Of course, before we do that, we’ll have to know where to go. In recent years, astronomers have found thousands of planets orbiting other stars, but we haven’t been able to directly image most of these planets to find ones that are fully suitable to be a second home for humanity. However, we’re in luck. The European Space Agency (ESA) is about to launch a satellite that will study specific, known, exoplanets (i.e. planets around other suns), including their sizes and even some of their atmospheres.

This satellite is called CHEOPS (CHaracterising ExOPlanets Satellite). It is scheduled to launch on a Soyuz rocket on December 17, from a launch pad at Europe’s Kourou spaceport in French Guiana.

CHEOPS will use a single 30 centimeter diameter mirror to study planets that have already been identified by earlier telescopes. Thus, it is not a discovery mission, rather one that will study known planets to better understand planetary evolution. The approach that CHEOPS will use to study the targeted planets is called the transit method.

The transit method relies on when a planet crosses in front of its parent star. In doing so, it makes a tiny shadow, which dims the light of the star. CHEOPS will look for that dip and use it to determine such things as the planet’s diameter. Combined with other information, CHEOPS will be able to characterize the planet as being rocky like the Earth, or gaseous like Neptune. 

Eighty percent of the observing time will be reserved for the satellite’s scientific team, while twenty percent will be made available for guest scientists to propose a specific set of observations. The goals of the CHEOPS team comprise a rich scientific program. They will improve the size measurements of known exoplanets, which will allow for an estimate of each planet’s density. They will try to observe the transit of exoplanets that are thus far only known from the observation of the wobble of their parent star due to the effect of the planet’s gravity. 

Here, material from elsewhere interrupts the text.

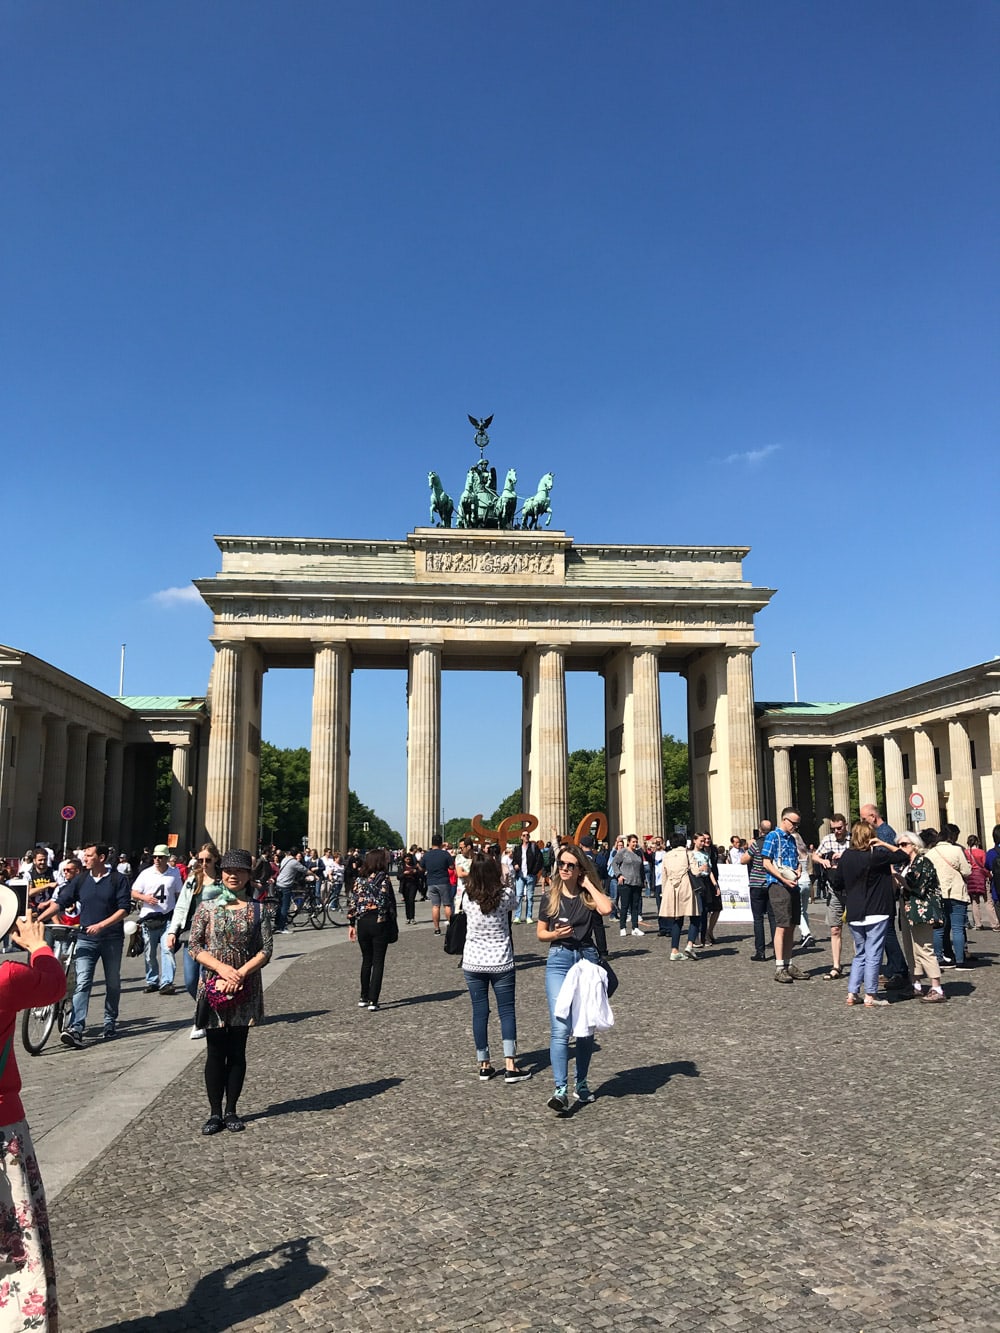 Brandenburg Gate in Berlin.
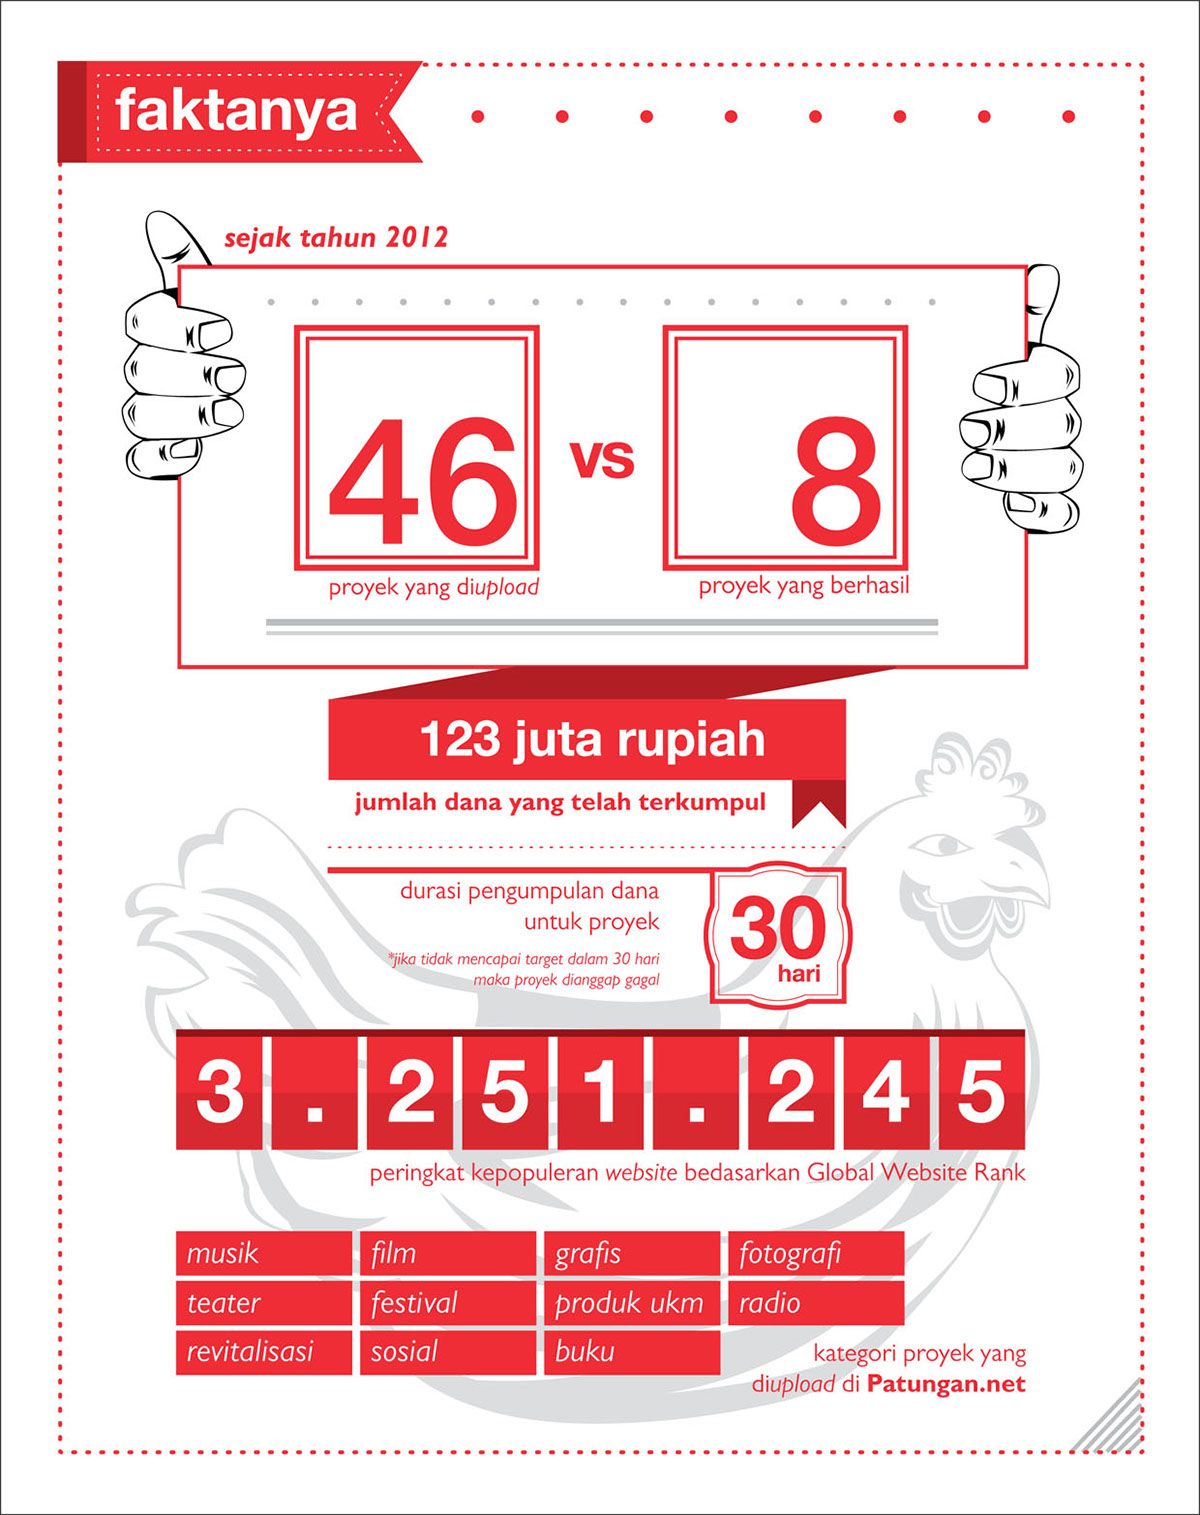 patungan.net patungan infografik infographic aikon enrico halim assignment White red poster

CHEOPS scientists will also look for additional planets missed by earlier observations and they will even try to find such interesting features as rings around known exoplanets or even moons. And, of course, CHEOPS will attempt to observe and characterize the atmosphere around those planets that are found hosting one. It will do this by looking at light reflected from the planet just before it passes behind its parent star.

Astronomers will use the information from CHEOPS to better understand makeup of exoplanets, like whether they are rocky, gaseous, something in between, or even something unexpected. In addition, astronomers are interested in planetary evolution, addressing such questions as how the locations of planets change within their solar system over the course of eons.

CHEOPS should start operations in April of 2020 and it is anticipated that over the course of 42 months that it will study in detail between 300 and 500 worlds. CHEOPS is a relatively small telescope, but it will provide valuable information for planned future missions by NASA (James Webb Space Telescope [JWST], scheduled for the 2020s) and ESA (Atmospheric Remote-sensing Infrared Exoplanet Large-survey [ARIEL], scheduled for 2028). These later satellites will use infrared light to look directly at the atmospheres of exoplanets, trying to tease out the signature of water and methane, two substances that could be the signatures of life, or at least habitability.

It will be decades before humanity can credibly talk about venturing to the stars. However, when we do, it will be research into fundamental science using instruments like CHEOPS that we will have to thank.